New Zealand's West Coast Glacier Country is one of only two places in the world where you can view glaciers descending into temperate rainforest.
Snow rarely falls in Franz Josef and Fox Glacier townships but there's plenty of snow in the high mountains nearby, just what a glacier needs to produce ice.
While you can’t walk all the way up to the glacier face, there are guides available to take you safely up and onto the glaciers via helicopter for a heli hike.
There are a couple of options to view or experience the glaciers.
If you are walking in the lower glacier valley, please respect the signposted barriers and do not go beyond them.

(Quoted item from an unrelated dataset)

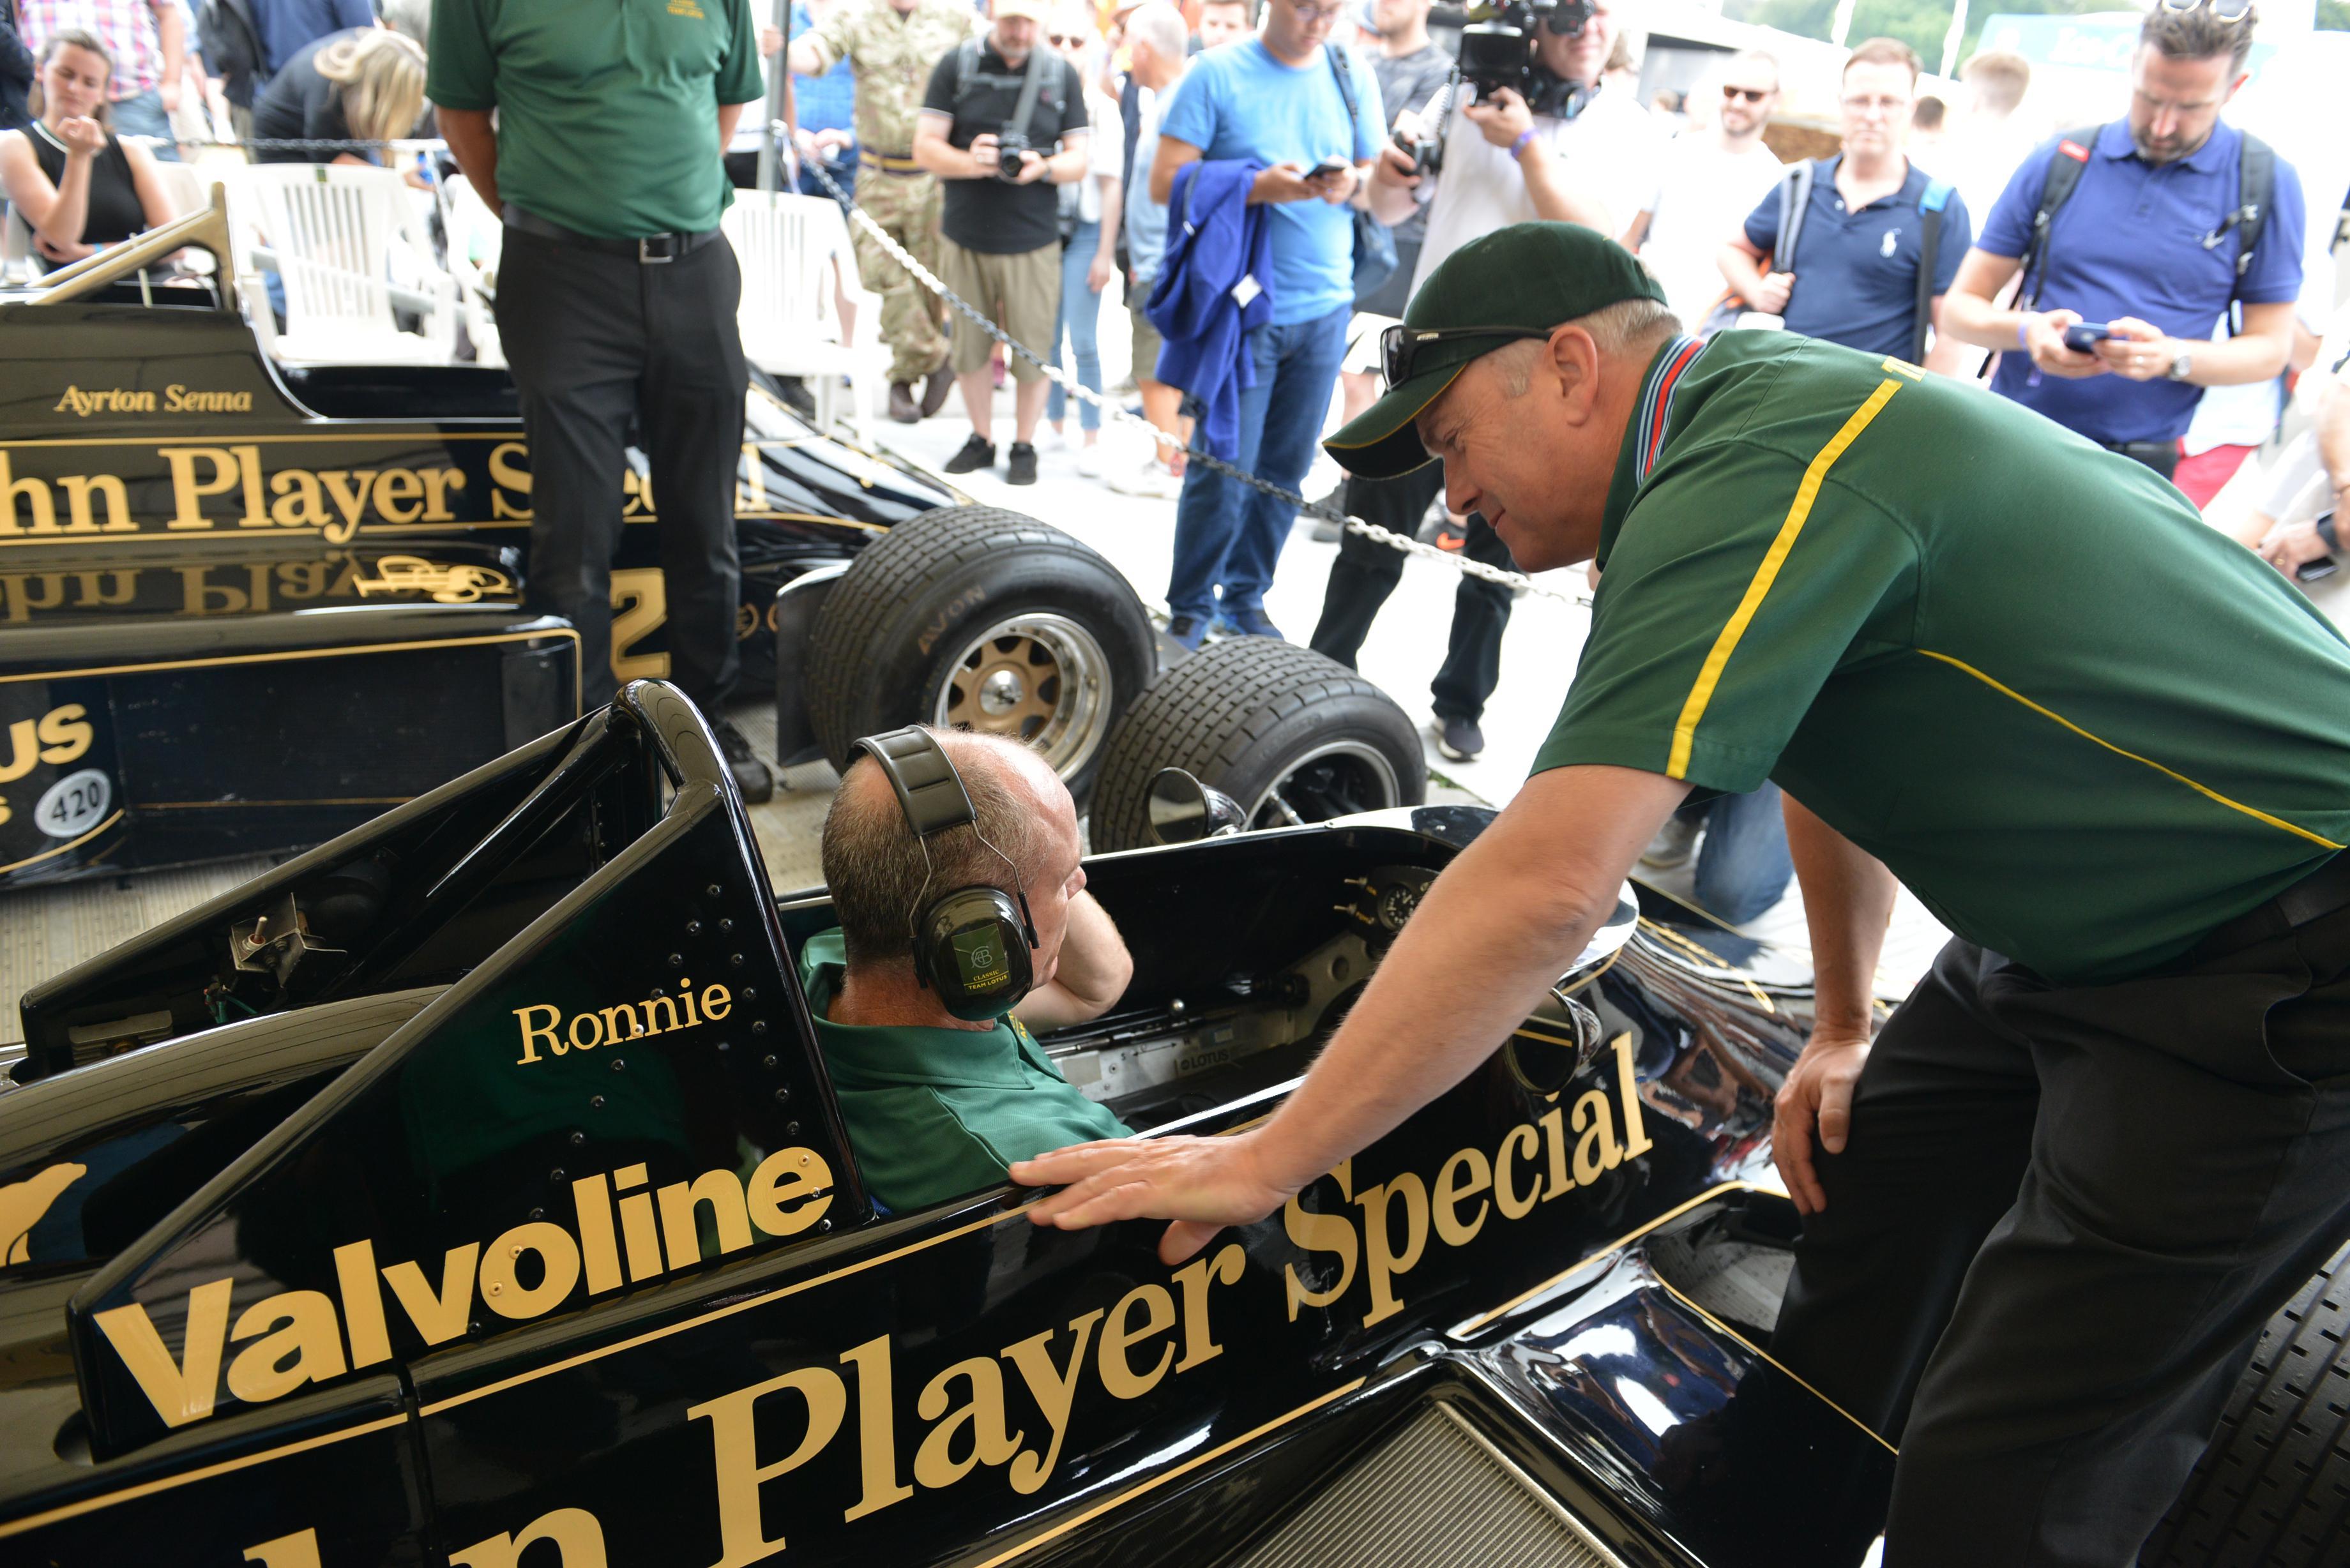 一位路特斯收藏家今日要开着F1赛车藏品驰骋速度节
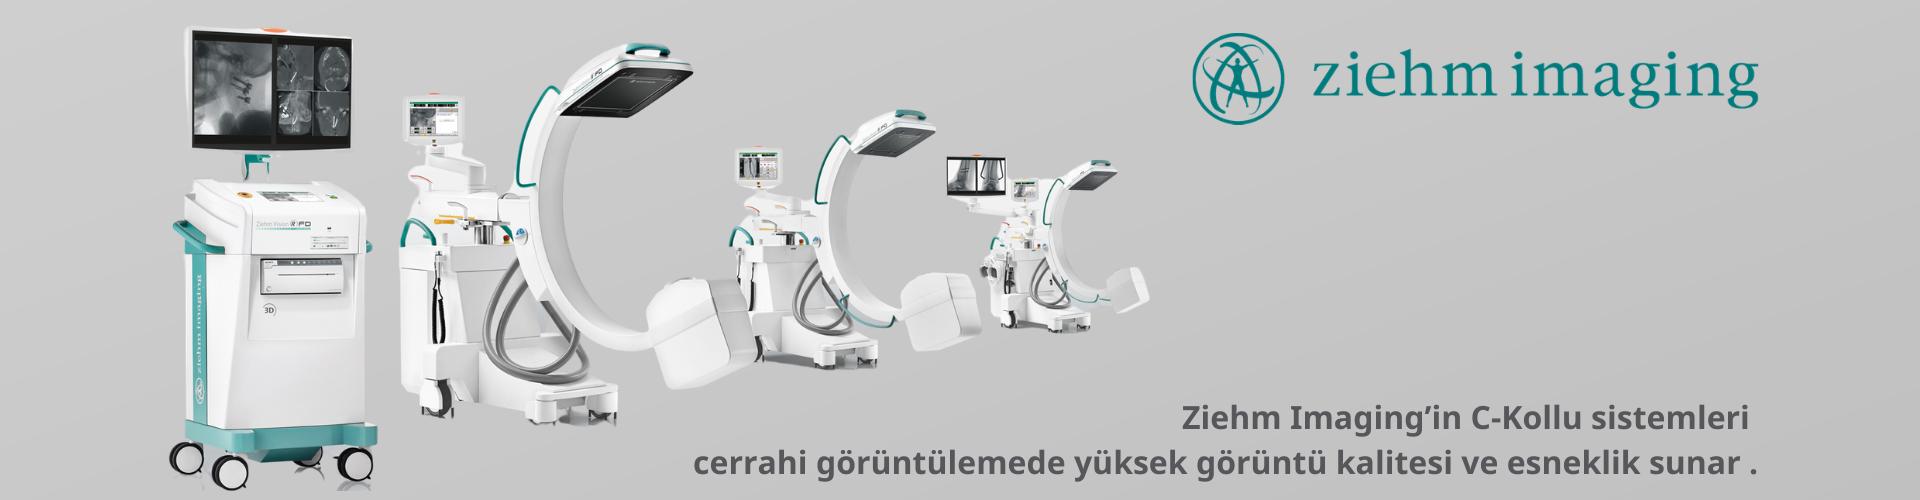 Ziehm Imaging

The glaciers are a very dynamic area and rocks and ice are constantly falling off the terminal faces.
The land where the glaciers are located is sandwiched between the Tasman Sea and the highest mountains in New Zealand.
Warm, moist air travelling from Australia drops snow in the higher elevations of the Southern Alps, piling it up to form large neves or snowfields.
Gravity then squeezes it down the valley (a bit like toothpaste) and the fluffy snowflakes become compressed into hard blue ice.
The valleys are so steep and narrow that the tongues of ice have pushed far down into rainforest, and not much above sea level.
The forces generated by the moving tongue of ice grind away at everything in its path to reach the terminal face at the front of the glacier.
A glacier likes to find equilibrium, where the amount of ice produced in the neve is equal to the amount of ice lost to melting in its tongue. This results in the dramatic advances and retreats of the terminal face of the two glaciers.
The Māori name for the Franz Josef Glacier is Ka Roimata o Hinehukatere which refers to 'the tears of Hinehukatere‘.
The legend of the Makawhio people (a sub tribe of the Ngai Tahu) says that Hinehukatere was a fearless young woman who loved climbing in the mountains.
She persuaded her lover Wawe to climb with her, even though he was less experienced. Disaster struck when an avalanche swept Wawe from the peaks to his death.
The Fox Glacier was his final resting place, or moeka. Hinehukatere was broken hearted and her many tears flowed down the mountain.
The gods froze these tears in a river of ice and the Franz Josef glacier was formed as a reminder of her grief.
The choice of the glacier's European name is a less romantic. In 1865, Austrian explorer Julius Von Haast named the Franz Josef Glacier after the Emperor of Austria, Franz Josef I. The local village eventually took its name from the glacier.
Haast named the Fox Glacier in honour of the New Zealand Premier, Sir William Fox.